Revision as of 06:08, 16 January 2014

Relational Databases

  • Set of named relations (tables)
  • Each relation has a set of named attributes (columns)
  • Each tuple (row) has a value for each attribute
  • Each attribute has a type (or domain)
  • All queries return relations (tables), so it can said to be compositional or closed.

XML Data

  • Alternative to relational model to store data
  • Standard for data representation and exchange
  • Document format similar to HTML, however tags represent content instead of formatting.
  • XML consists of tagged elements which can be nested, attributes of elements and the text (values/data)
  • XML document can be thought of as a tree with values/text forming the leaves.

Relational vs XML

Relational XML
Structure Tables Hierarchical/Tree
Schema Fixed in advance Flexible, self-describing. e.g. all elements need not have same attributes. (In relational, we would need to have NULL values). Inconsistencies in the structure is NOT a problem.
Queries Relatively simple Complicated compared to Relational / SQL.
Ordering Fundamentally UNORDERED. e.g.
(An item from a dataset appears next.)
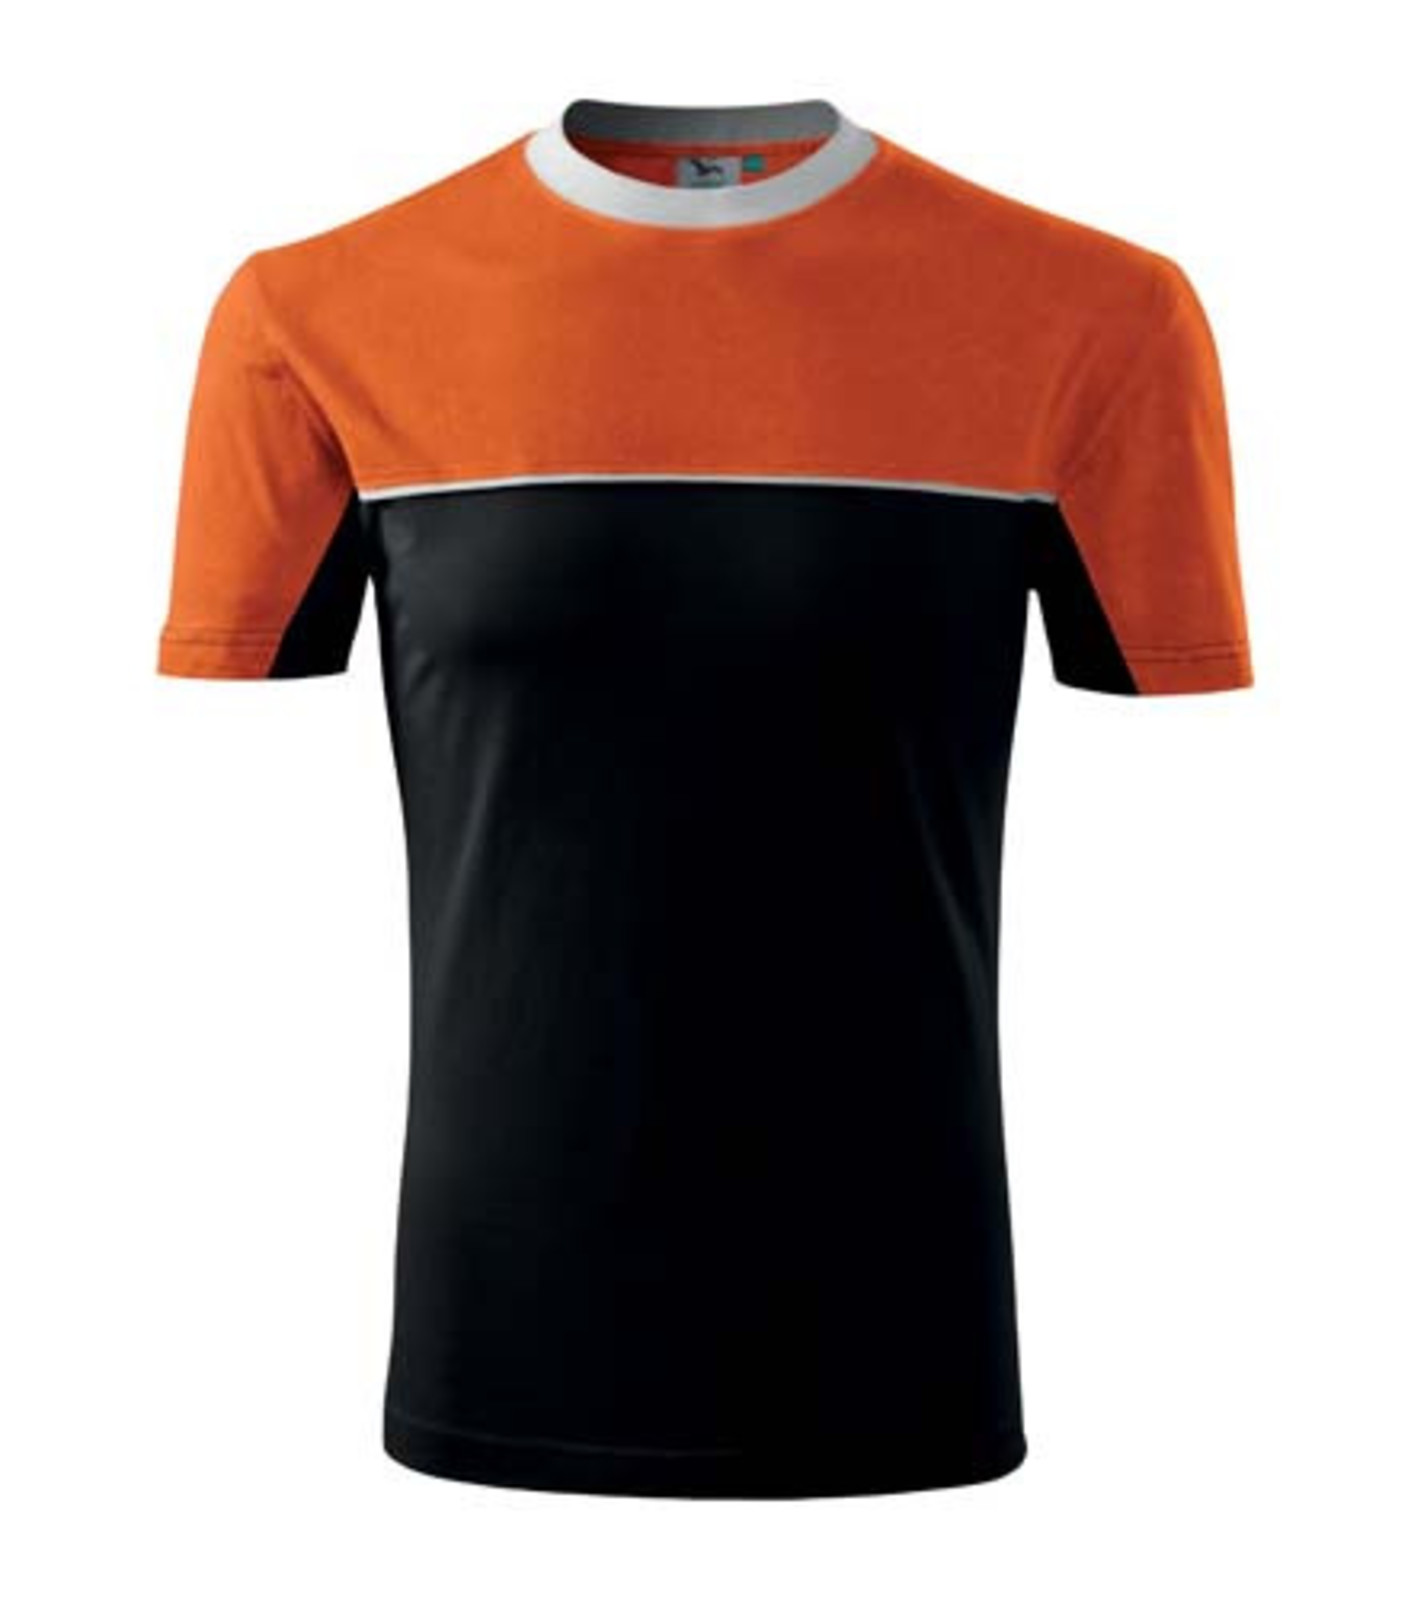 Unisex tričko Rimeck Colormix 109 - veľkosť: S, farba: čierna/oranžová

Order by clause is required in SQL in case order is desired. Ordering is implied - e.g. the way the text is laid out in the XML document or in the Stream.
Implementation Mature - native implementation Add - on. (Underlying implementation is relational)

Well formed XML

  • Single root element
  • XML parser is used to validate XML.
  • DOM parser - treats XML as a document, SAX parser - treats XML as a stream.
  • Matched tags, proper nesting
  • Unique attributes within each element

Displaying XML

  • Since XML occurs a lot on the internet, a convenient way is required to display XML.
  • Use rule based languages such as CSS, XSL to translate XML to HTML.
  • XML document is fed to a CSS/XSL interpreter alongwith rules and a HTML document is generated.

Valid XML

  • Valid XML should adhere to requirements for well formed XML
  • Also should adhere to content-specific specifications : DTD/XSD
  • DTD is a grammar-like language for specifying elements, attributes, nesting, ordering, #occurrences
  • DTD/XSD offers the benefits of "typing" - can serve as a specification. Useful for data exchange.
  • Having no DTD offers flexibility of data.
  • DTD also can specify pointer types - an element can have an ID and another element can refer to it using an IDREF.

XSD

  • Like DTD, but more comprehensive.
  • XSD is written in XML itself.
  • Everything in DTD is string, in XSD e.g., we can specify that an attribute should be of a specific type.
  • Pointers can be typed, so we can enforce that a reference is made to a particular type and not just global like in DTD's
  • Also specify min/max constraints on elements

JSON

  • Like XML, JSON can be thought of as a data model - as an alternative to the relational data model.
  • Useful for semi-structured data
  • Designed originally for serializing data objects
  • JSON is human readable - often used for data interchange
  • JSON consists of base values, objects (label-value pairs), and arrays to hold either. Structure is recursive.
  • JSON vs Relational - JSON differs in how data is stored, schema is self-describing, ordering is present, query support is minimal unlike XQuery, XPath, XSLT, and is implemented typically in prog languages
  • JSON vs XML - XML more verbose/complex than JSON, like DTD, XSD, JSON has JSON schema.
  • XML model dont match with programming languages. Interface is clunky. This is called impedence mismatch - similar to Relational and prog languages.
  • JSON has a more direct mapping with prog languages.

Valid JSON

  • Adheres to basic structural requirements of JSON. (label-value pairs, arrays of values)
  • Can use JSON schema for semantic validation.


Relational Algebra

  • Relational algebra is the formal language that is the underpinning for implemented languages like SQL
  • Query (expression) on a set of results produces relation as a result.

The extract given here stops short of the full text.